The current computational models, like ProteinMPNN and AntiFold, use generative approaches to predict sequences that fit particular antibody structures. Although these systems have excellent in silico performance, their practical application is limited by the absence of extensive experimental validation. Additionally, they suffer from designing several CDR regions as a coherent approach toward attaining antigen specificity. They greatly require curated datasets, which are real constraints on their ability to scale to new targets-antigens and prove inadequate in performance aspects compared to baselines set up.

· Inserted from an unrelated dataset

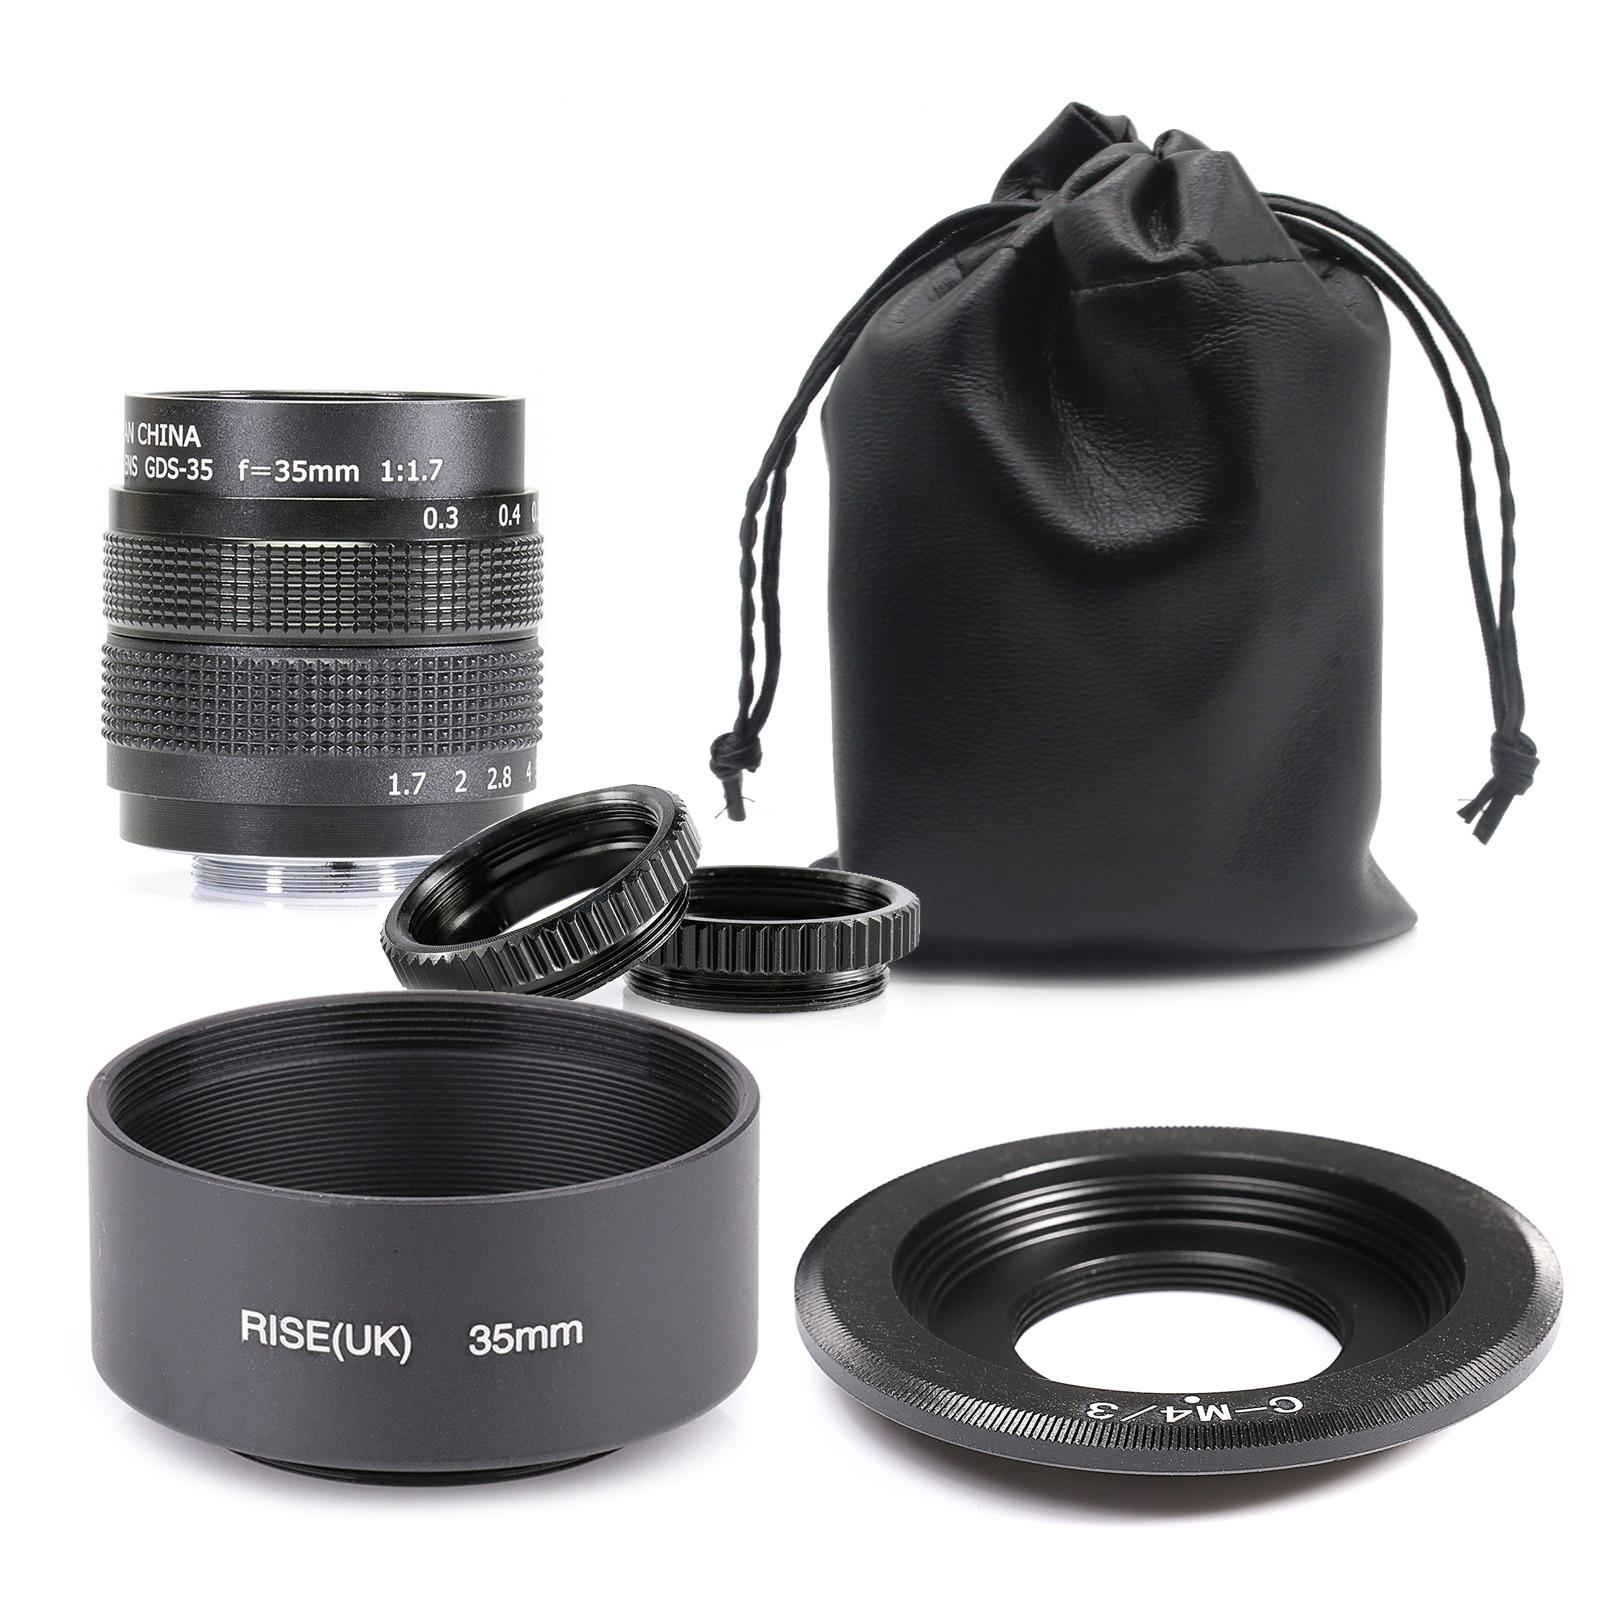 Fujian 35mm f/1,7 APS-C lente CCTV + anillo adaptador + 2 anillo Macro + capucha de lente para P anasonic/O linpus Micro4/3 M4/3 cámara sin espejo

Absci Bio Releases IgDesign: A Deep Learning Approach Transforming Antibody Design with Inverse Folding. IgDesign addresses the above limitations through a novel generative framework tailored to antibody design. It incorporates contextual inputs such as antigen sequences and antibody framework (FWR) sequences to create optimized CDR3 (HCDR3) and complete heavy-chain CDRs (HCDR123). Structure-aware encoder and sequence decoder, inspired by LM-design but specially adapted for antibody functions. It further distinguishes itself by the ability to design high-affinity binders validated through extensive in vitro testing across eight therapeutic antigens. The breakthrough enhances scalability, improves generalizability, and achieves experimental success rates that set a new standard for therapeutic antibody design.

The researchers curated datasets from SAbDab and PDB, ensuring the inclusion of strong antigen-specific holdouts to eliminate the possibility of data leakage. The model was pre-trained on a general protein dataset and then fine-tuned on antibody-antigen complexes. Antibody sequences were generated sequentially to maintain coherence between interdependencies of regions; for each antigen, 100 HCDR3 and 100 HCDR123 were generated and tested. The sequences were progressed through an extensive wet-laboratory protocol that included cloning of the sequences into E. coli, expression within these cells, and high throughput SPR screening designed to support the confirmation of binding kinetics and affinities. A robust set of HCDR3 sequences from the training dataset was used as controls to measure performance, a distinct reference point for proving the utility of IgDesign.

IgDesign showed consistent superior performance of designed antibodies across all different antigens. Experiments in vitro showed that designs of HCDR3 had significantly higher binding rates than baselines for seven out of eight tested antigens, and the design of HCDR123 outperformed the baseline for four of them. The produced antibodies are bound at affinities close to or better than those of clinically validated reference antibodies for targets such as CD40 and ACVR2B. Such findings underline the potential of IgDesign to generalize proficiently and design superior antibodies, which opens up transformative possibilities in therapeutic antibody development. 

This work represents a significant step for antibody design in that IgDesign marries high computational accuracy with empirical evidence to create a unified, streamlined process. As a result of success in antigen-specific binder construction exhibiting very high affinity, this advance challenges major bottlenecks in drug discovery. The framework not only facilitates lead optimization but also paves the way for de novo antibody design, significantly advancing the field of drug discovery.